_WHAT YOU WILL DO_. Would you transcribe the whole listing exactly and drop its images?

_EXERCISE DATA_.
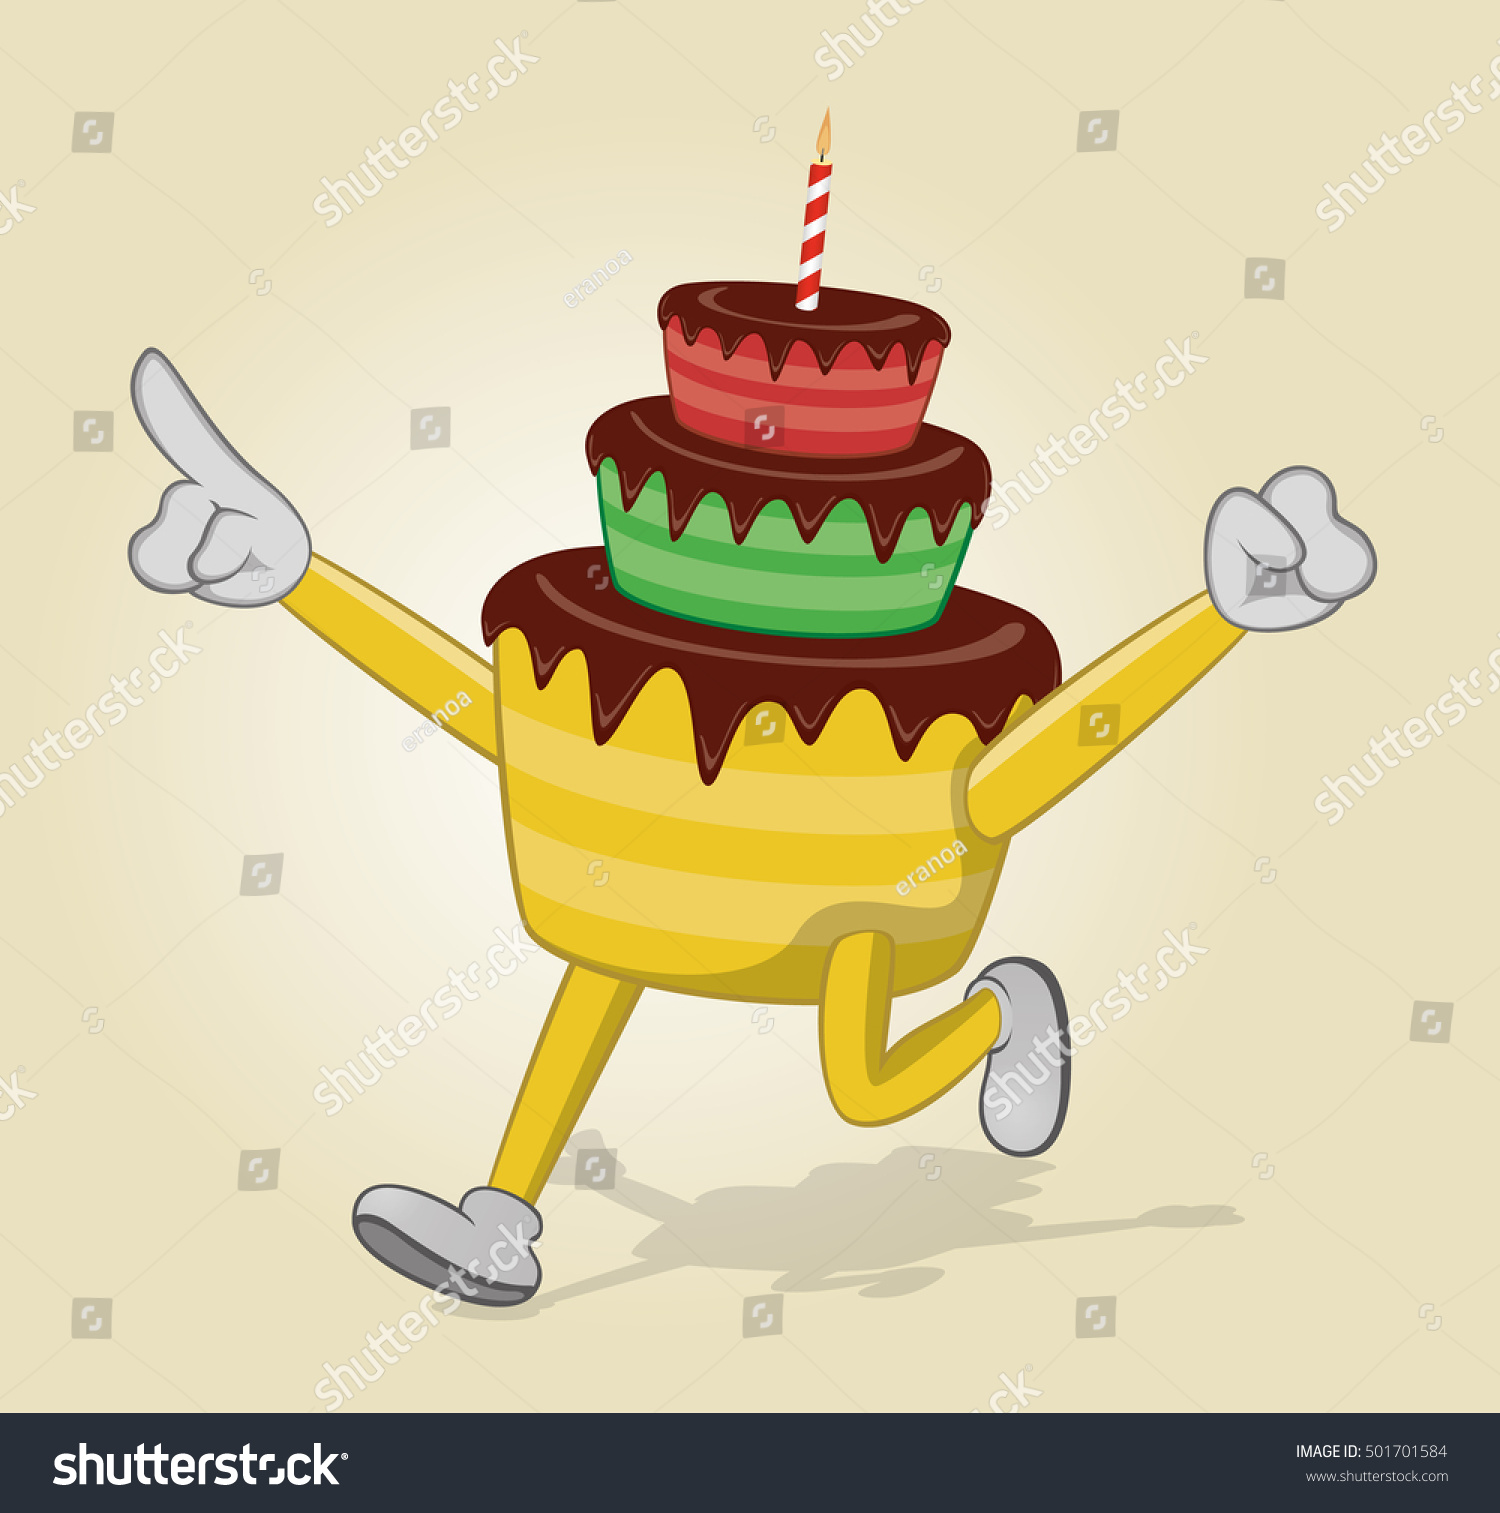 stock-vector-running-birthday-cake-number-one-501701584.jpg
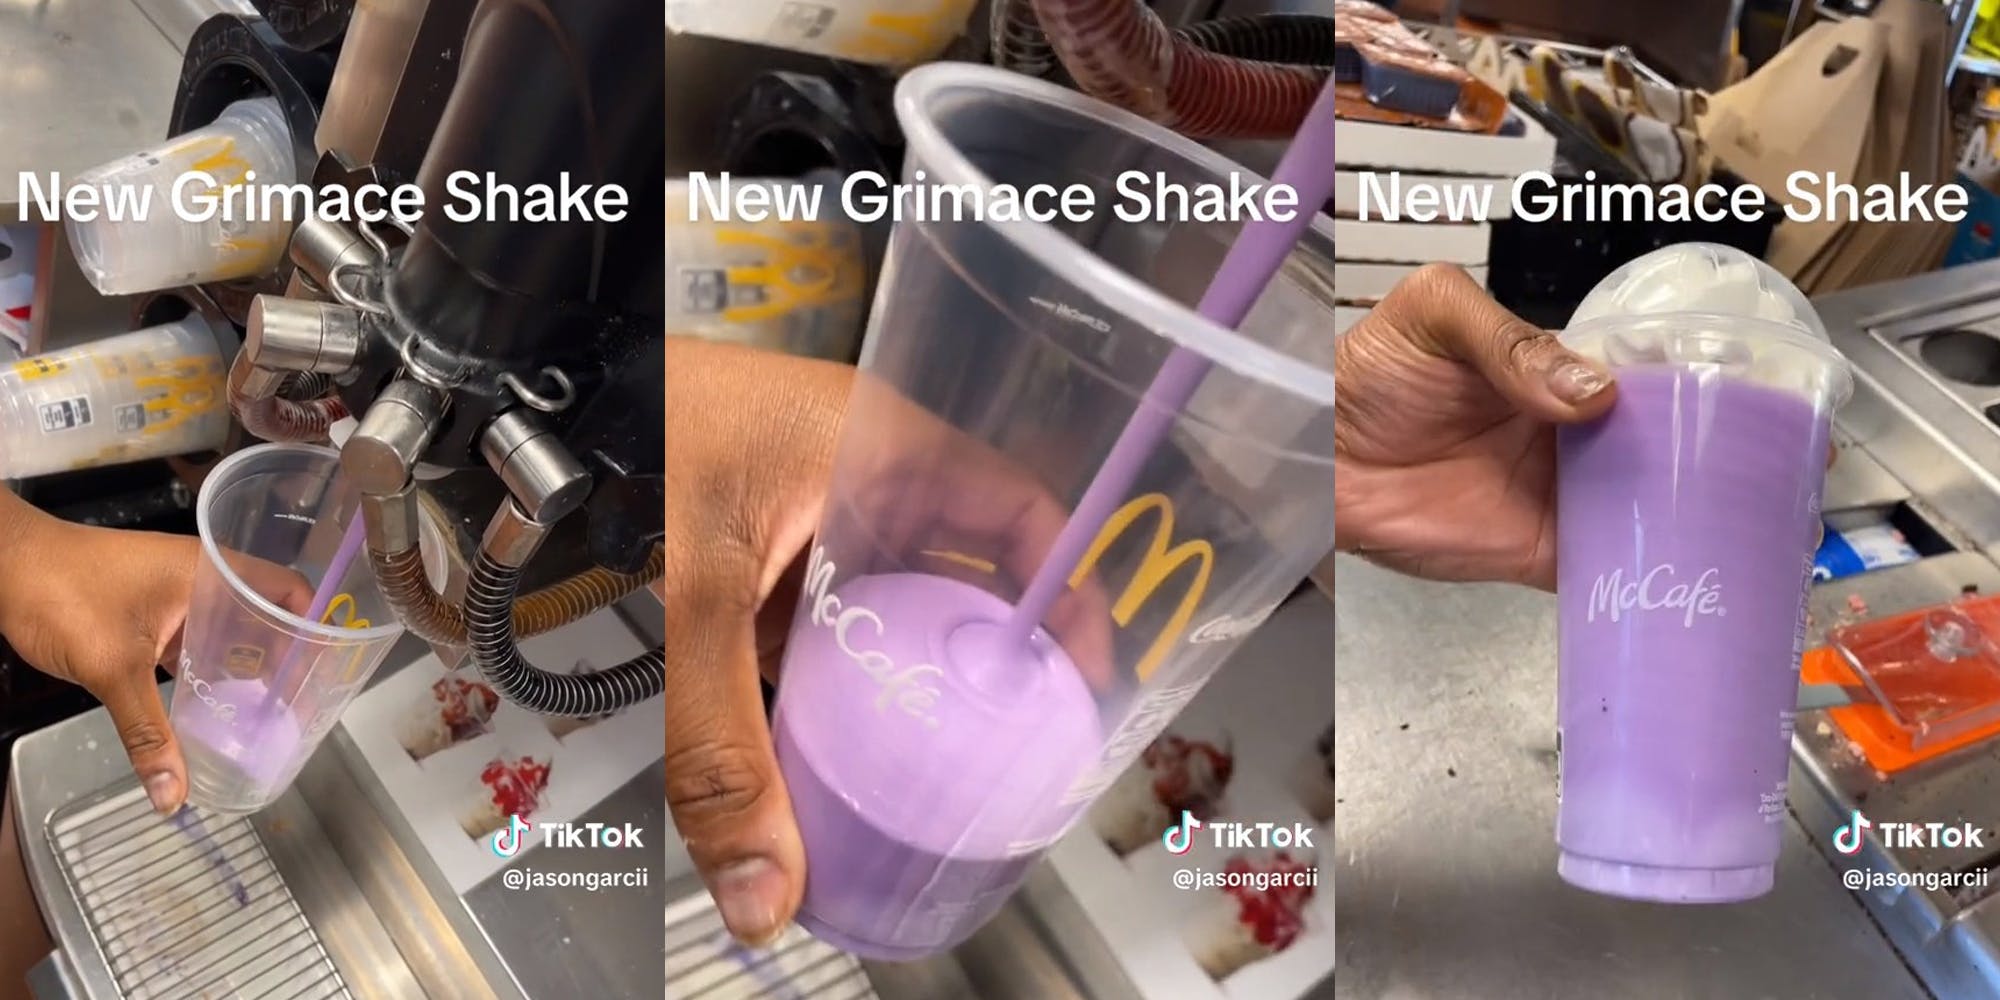 Mcdonalds Grimace Shake Tiktok Trend Viral What Does The Shake Taste Like Vo Truong Toan 2298
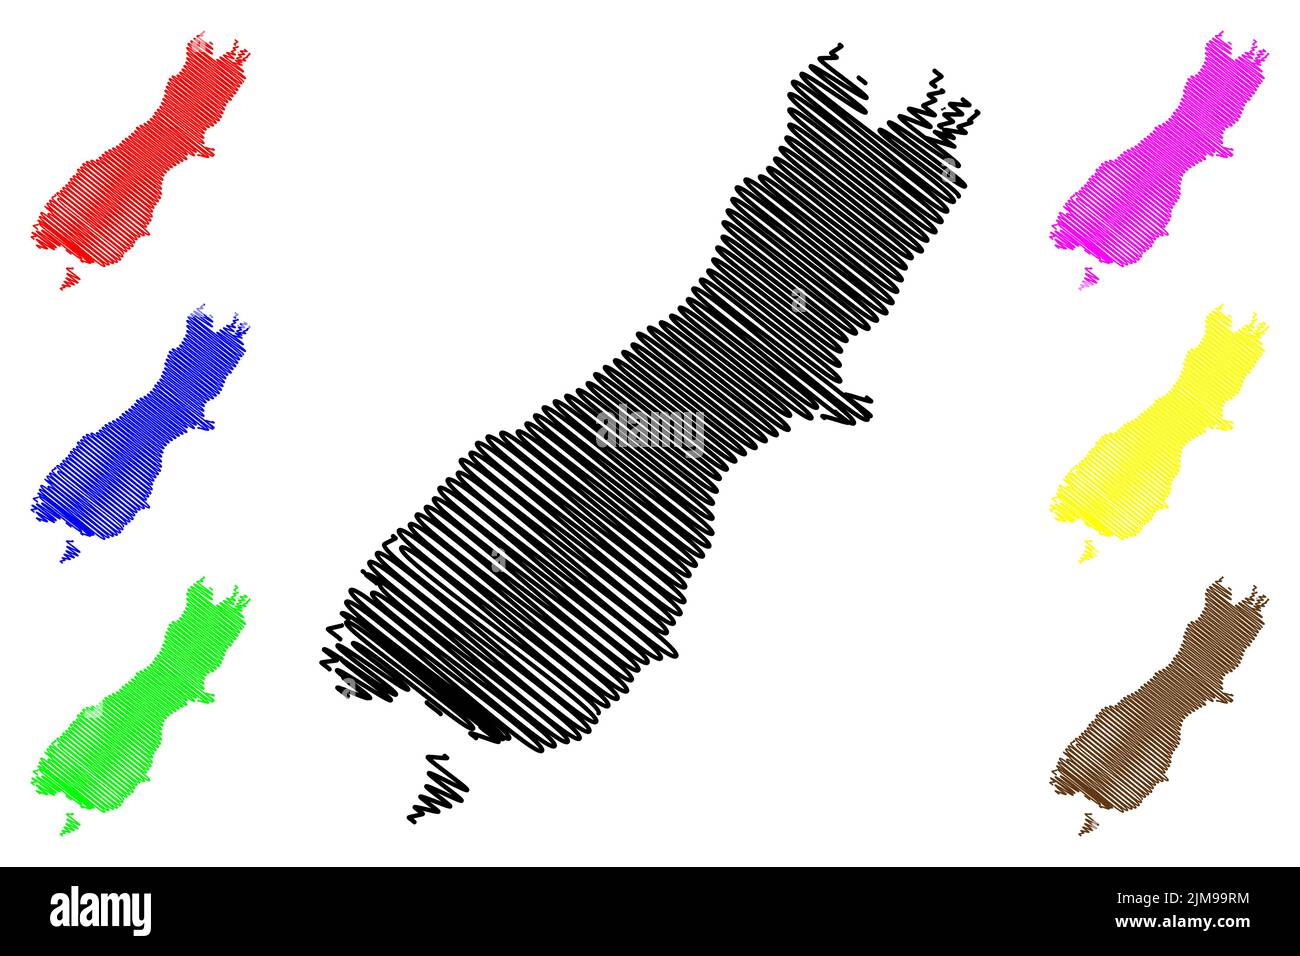 Südinsel (Neuseeland) Kartenvektordarstellung, Skizze Te Waipounamu Karte Stock Vektor
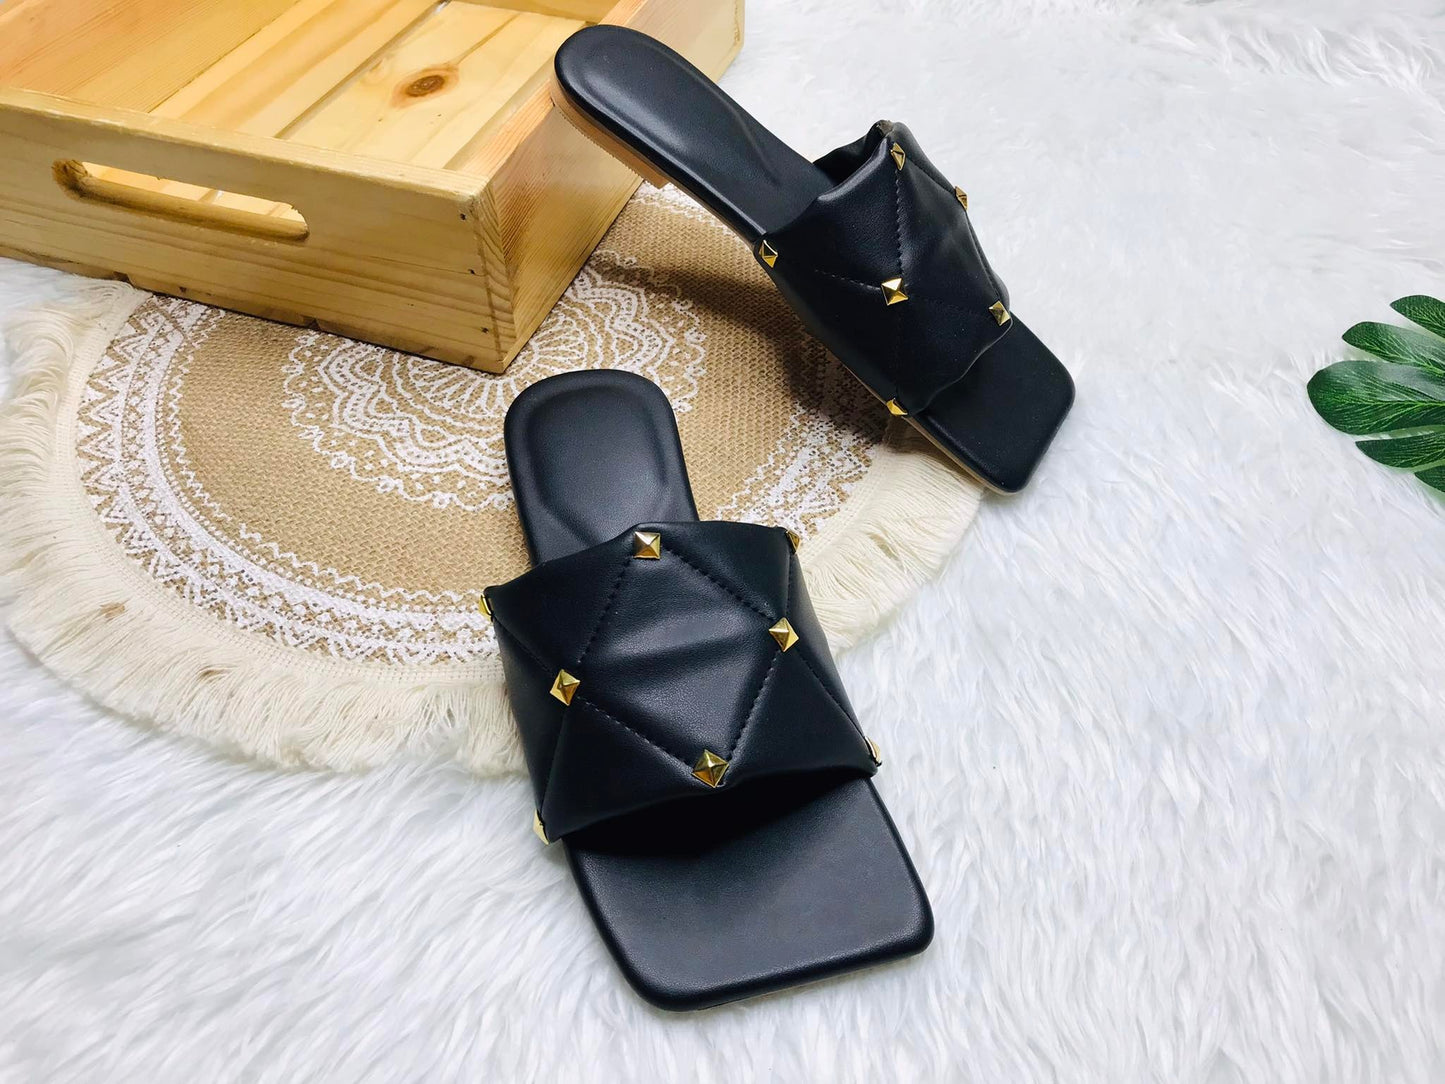 Mgubs - RIZZHI - Premium sandals

_TASK OUTPUT_.
 stock-vector-running-birthday-cake-number-one-501701584.jpg
 Mcdonalds Grimace Shake Tiktok Trend Viral What Does The Shake Taste Like Vo Truong Toan 2298
 Südinsel (Neuseeland) Kartenvektordarstellung, Skizze Te Waipounamu Karte Stock Vektor
 Mgubs - RIZZHI - Premium sandals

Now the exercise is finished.